Google Blogoscoped

Tuesday, May 9, 2006

Design Death Clock

Jon of Pingmap discusses web design trends that may die soon (or are already dead). There’s some good observations there. [Via Dr. Web newsletter.]

Google Related Links Crash

Be aware that Google’s Related Links box may crash the browser under some circumstance. I’ve been working with Rich to locate the cause of the Firefox 1.5 crash he’s been getting for this blog’s front-page (the crash was appearing randomly, about every nth reload). The last thing Rich was seeing before the browser crash was a “relcontent.googlesyndication.com” in the status bar. Only after I removed the Related Links box from a post below, the problem was gone. Possibly, this bug doesn’t happen often (I couldn’t reproduce it at all), and possibly, it was triggered by a combination of FF extensions Rich has installed, but it’s still something to be cautious of.

Candygate: Google Cutting Down on Snacks

Valleywag shows off a leaked email sent around within Google internal 2,000-member mailing list “misc-mv”... if Valleywag’s source is right, then Google cuts down on free snacks, tried to sell it as a measurement implemented for health reasons, and there’s now quite a bit of unhappiness about it (hmm, I’d be interested to see that same mailing list discuss Google in China). Any anonymous Googlers reading along, please share the truth in the comments! Now, back to the regularly scheduled program...

Digg Down

I think the one site suffering the most from the digg effect... is Digg itself (digg.com is incredibly slow for the last weeks to months... maybe today’s maintenance will improve on the situation?).

Official Google Book Search Blog

Google has a new official blog, this one covering Book Search. I’ve added it to the Google blogs page. [Thanks Or in the forum for finding this.]
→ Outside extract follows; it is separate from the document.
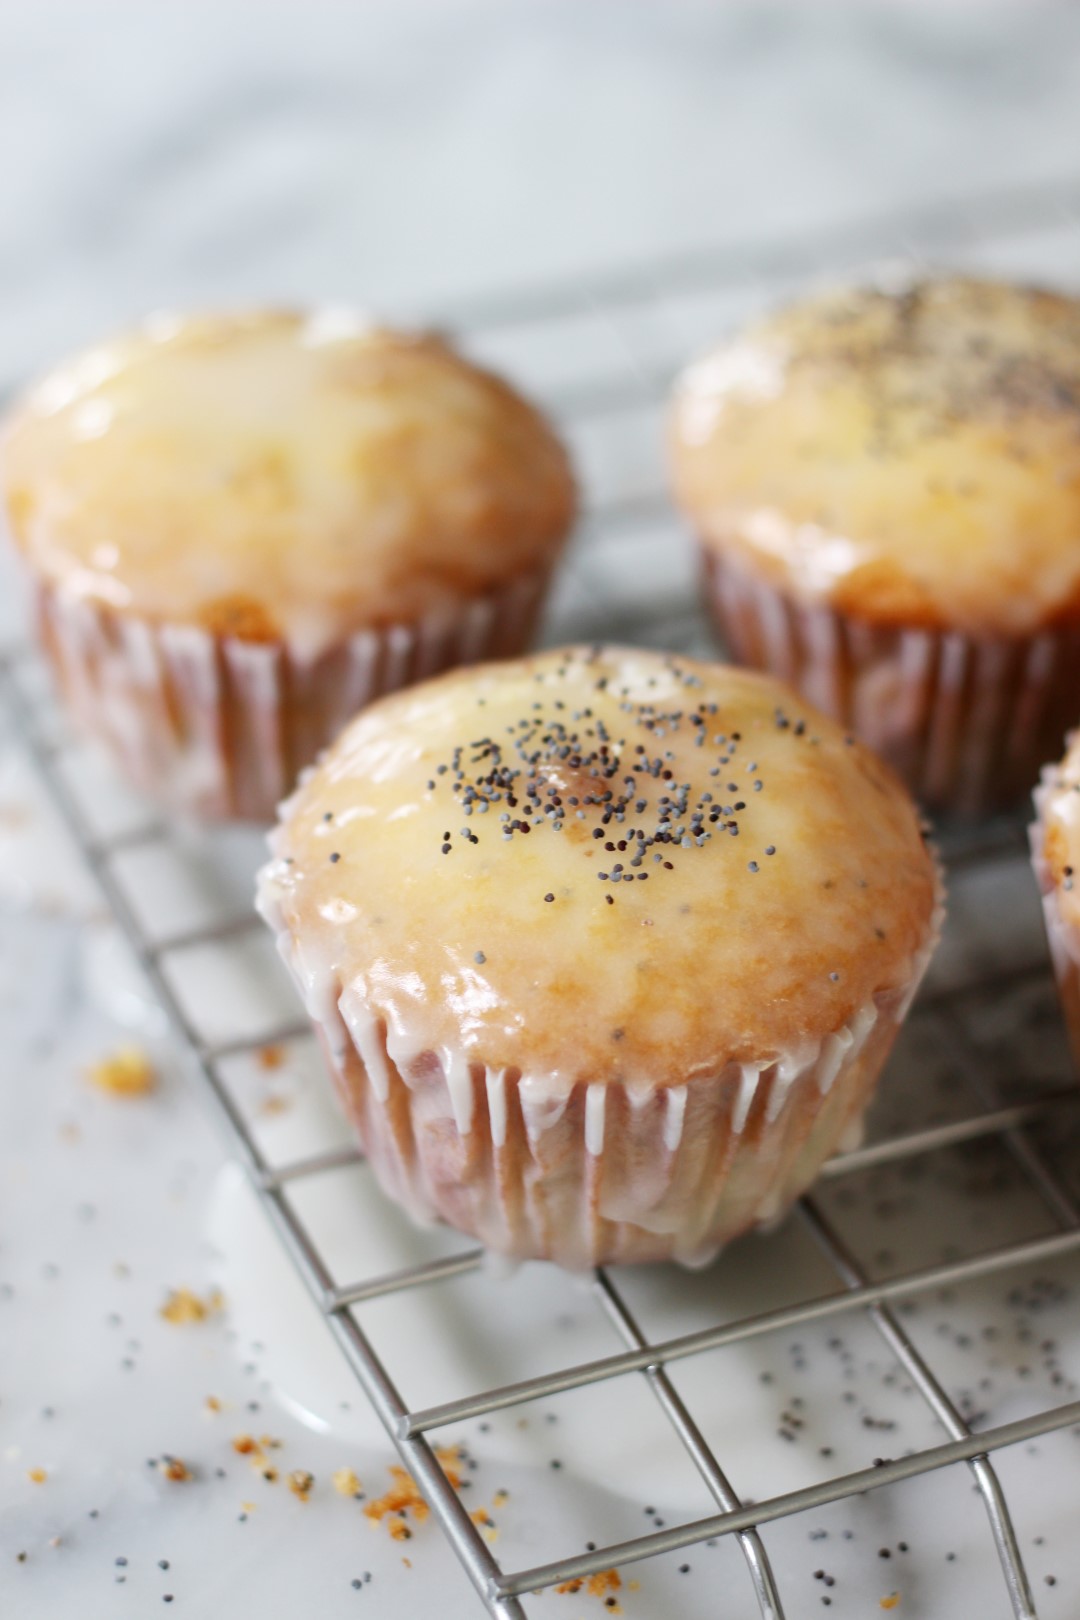 muffins de limón sin gluten, recetas aptas para celíacos, recetas sin tacc, sin trigo, gluten free.

German - English Translations Blog

My friend and ex-colleague Werner Nieke, translation expert, has started a blog on the two “befriended" languages English and German. His blog is called Fine Friends, a take on the expression “false friends” (false friends are two words in different language which look similar, but have a different meaning – these words often cause translation errors... for example, the German “Fabrik” means “factory”, but resembles “fabric”).

Using Gmail for Work

Rakesh Agrawal, founder of SnapStream, tells his story of how he tried to switch to Gmail as his primary email client using it for work emails, personal emails, and everything in between. “After going through my fourth or fifth Microsoft Exchange crash and countless Outlook problems (after 3 years!), I decided that I had had enough.”
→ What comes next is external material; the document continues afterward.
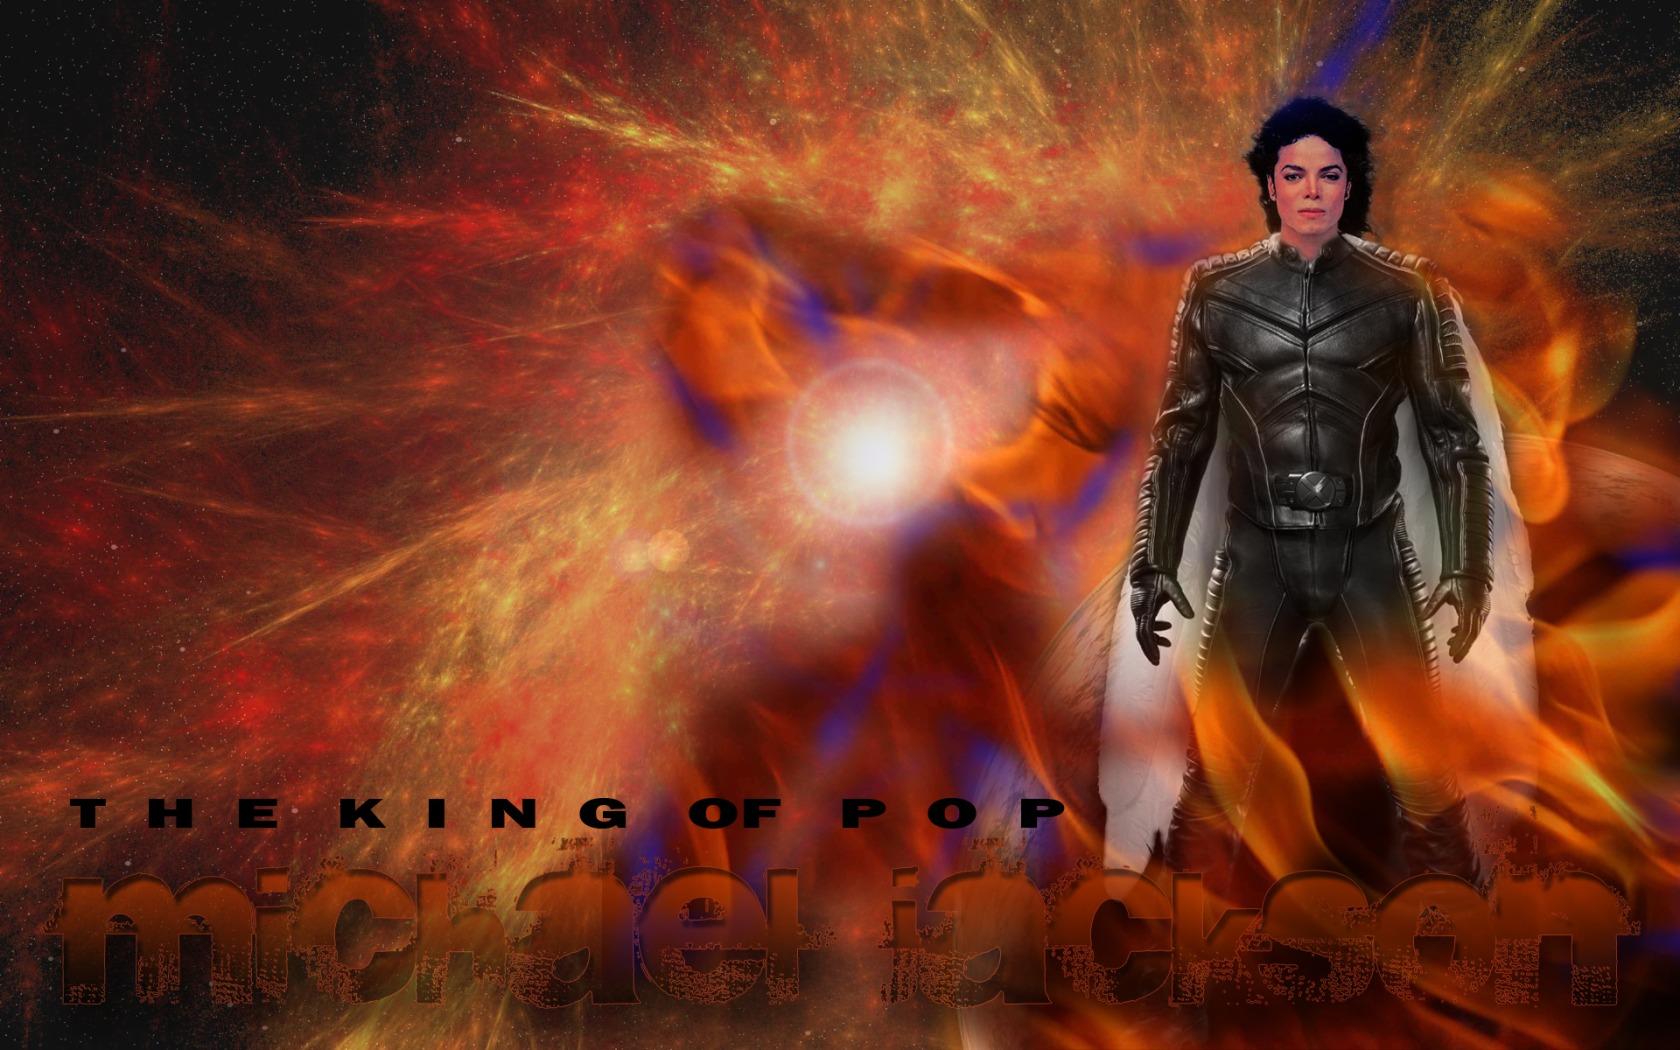 Michael Jackson The King of Pop widescreen wallpaper. Wide

Google China AdWords Uncensored?

While some sites are self-censored in Google China, it looks like you can still create AdWords campaigns to advertise for them. The Internet Censorship Explorer blog did an experiment creating ads for searches for “human rights china”. While the Human Rights Watch site hrw.org was censored in Google.cn, the ad for it was not. Bug or feature? I think it’s a feature! [Via Jennifer at SEW.]